Ride to the future

March 11, 1991

While American technology has transformed the weapons of warfare, American inventions that could revolutionize daily life have languished or been adopted by foreign competitors. One such invention -- magnetic levitation, or "maglev," a clean, quiet, vibration-free train that can travel in excess of 300 mph -- was invented in this country in the 1960s. But anyone who wishes to ride a maglev train will have to travel to Germany or Japan. Maglev technology still needs some work, but many people say it could revolutionize transportation in the 21st century.

In an attempt to get this country back into the maglev arena, members of Congress are proposing legislation to build a prototype route of 30 or 40 miles.
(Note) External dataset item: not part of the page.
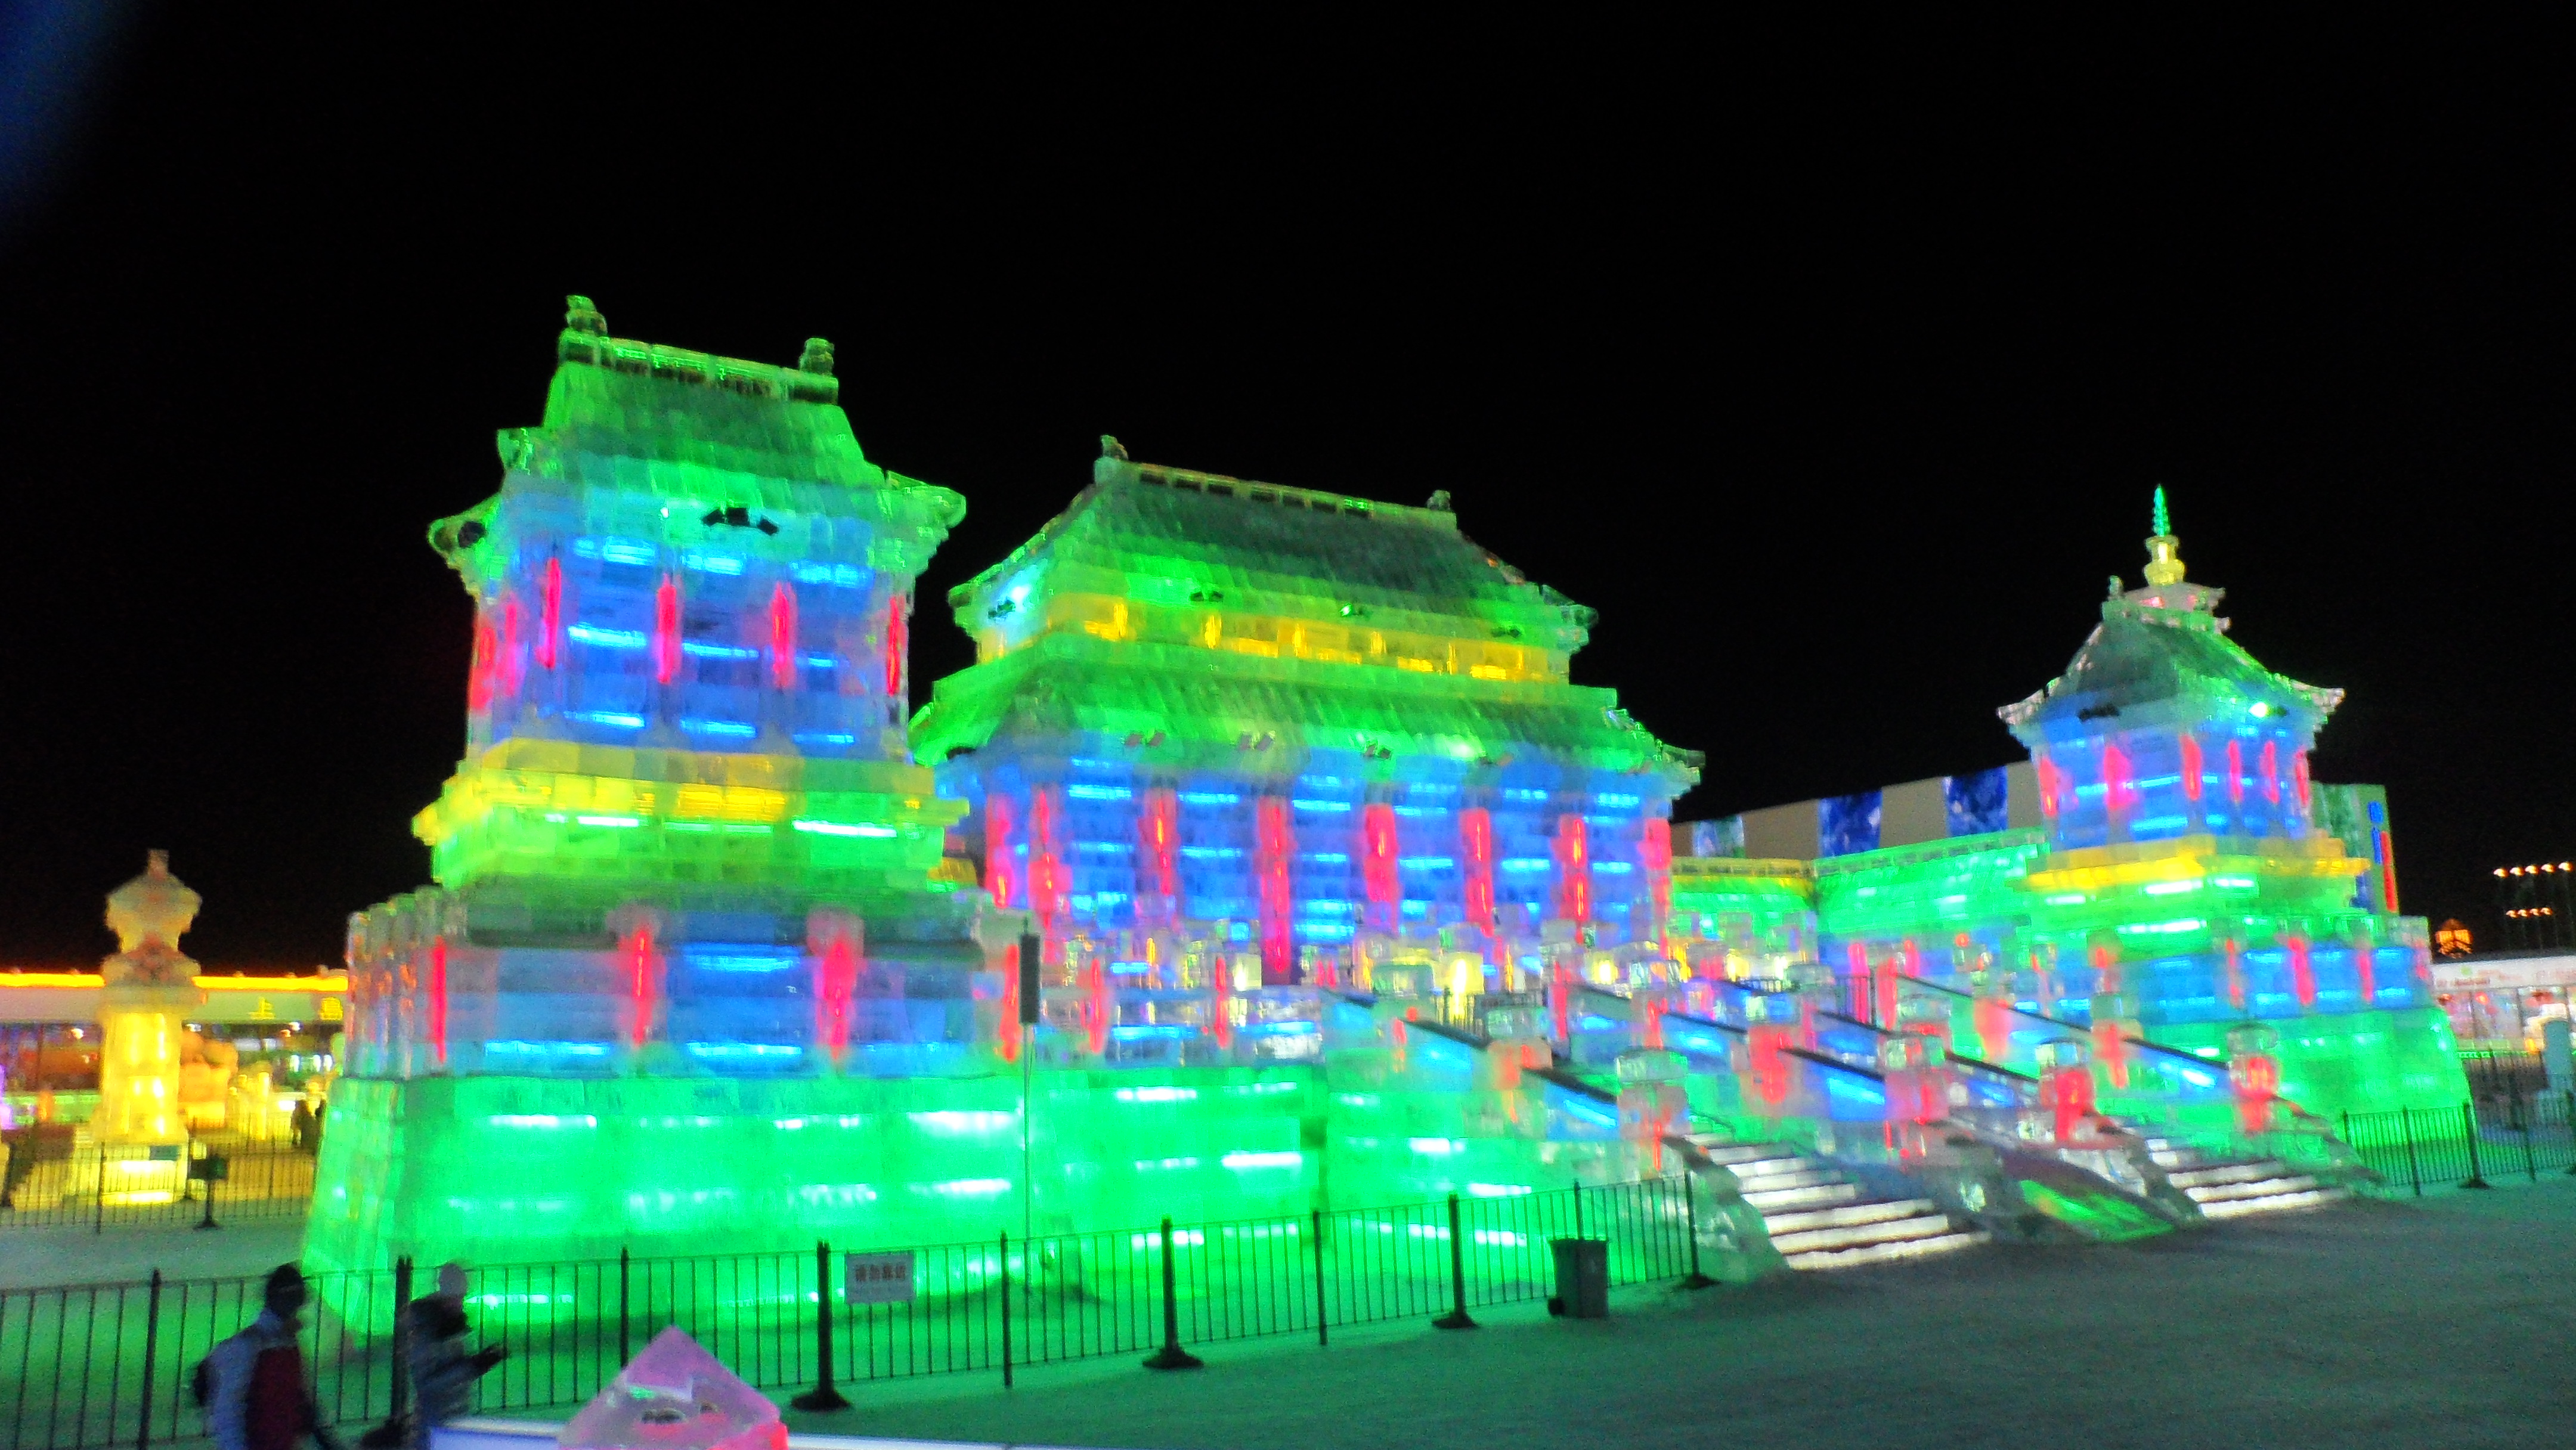 http://caseyinsuzhou.files.wordpress.com/2012/02/73-snow-and-ice-chinese-palace-night.jpg
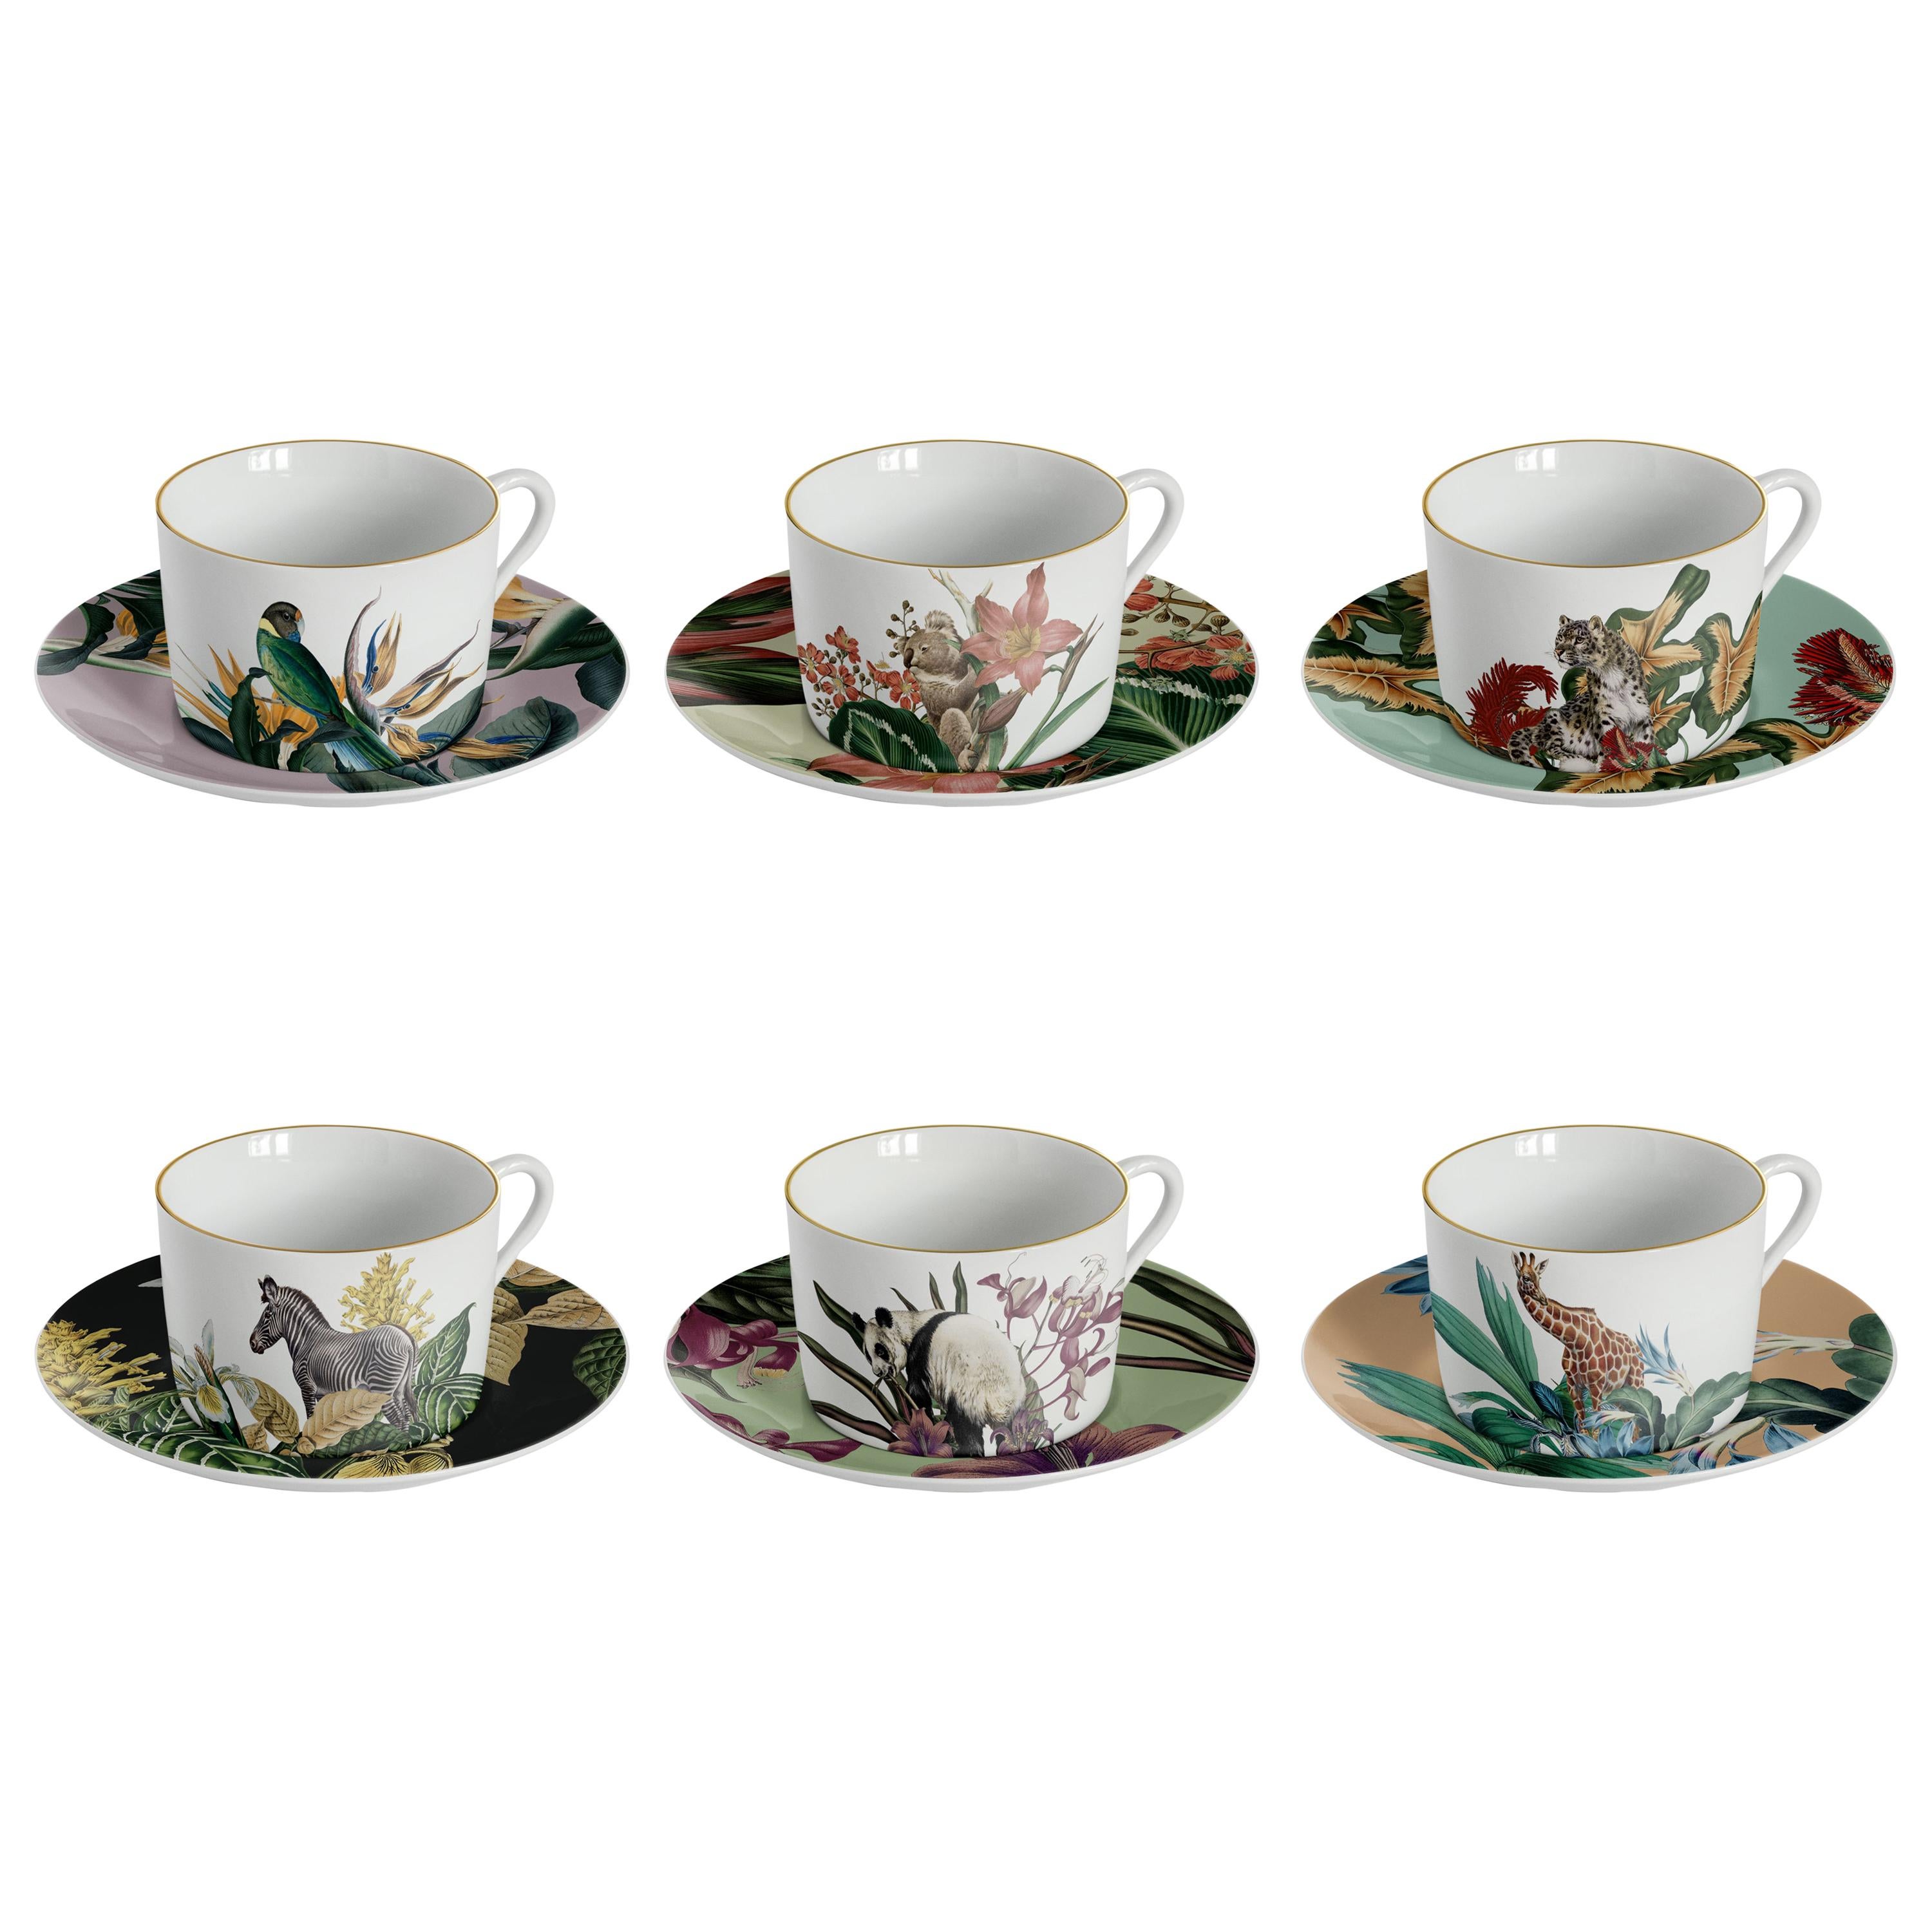 Animalia, Tea Set with Six Contemporary Porcelains with Decorative Design

The big question, of course, is where -- and a consortium called MAGLEV USA has a perfect answer: between Baltimore and Washington, D.C. The route has much to recommend it, since there is plenty of traffic between the two cities and a major airport could feed into the line. Once built, the line would fit nicely into a longer East Coast system. From a local perspective, the advantages for Maryland and its economy are obvious. Consider the boost to Baltimore if downtown Washington were a mere 15-minute ride away.

The ball is rolling on Capitol Hill, and MAGLEV USA has enlisted an impressive amount of local support from the private sector. For instance, Alex Brown, which helped finance the country's first commercial railroad, wants to continue its participation in pioneering transportation projects by helping underwrite maglev.

The missing link in this campaign is enthusiastic support from the state government. Tomorrow, however, the state House Ways and Means Committee will hear testimony on a joint resolution of the Maryland General Assembly sponsored by Prince George's Del. Joseph Rosapepe urging Congress to finance the project and to choose the Baltimore-Washington corridor as its location.

Eventually, of course, the state would be required to contribute a portion of the project's cost, 10 percent or so. But that contribution would be spread over several years and would not be required until 1993 at the earliest. By that time, Maryland can hope to have weathered the current fiscal crisis and be ready to help pioneer the transportation of the future.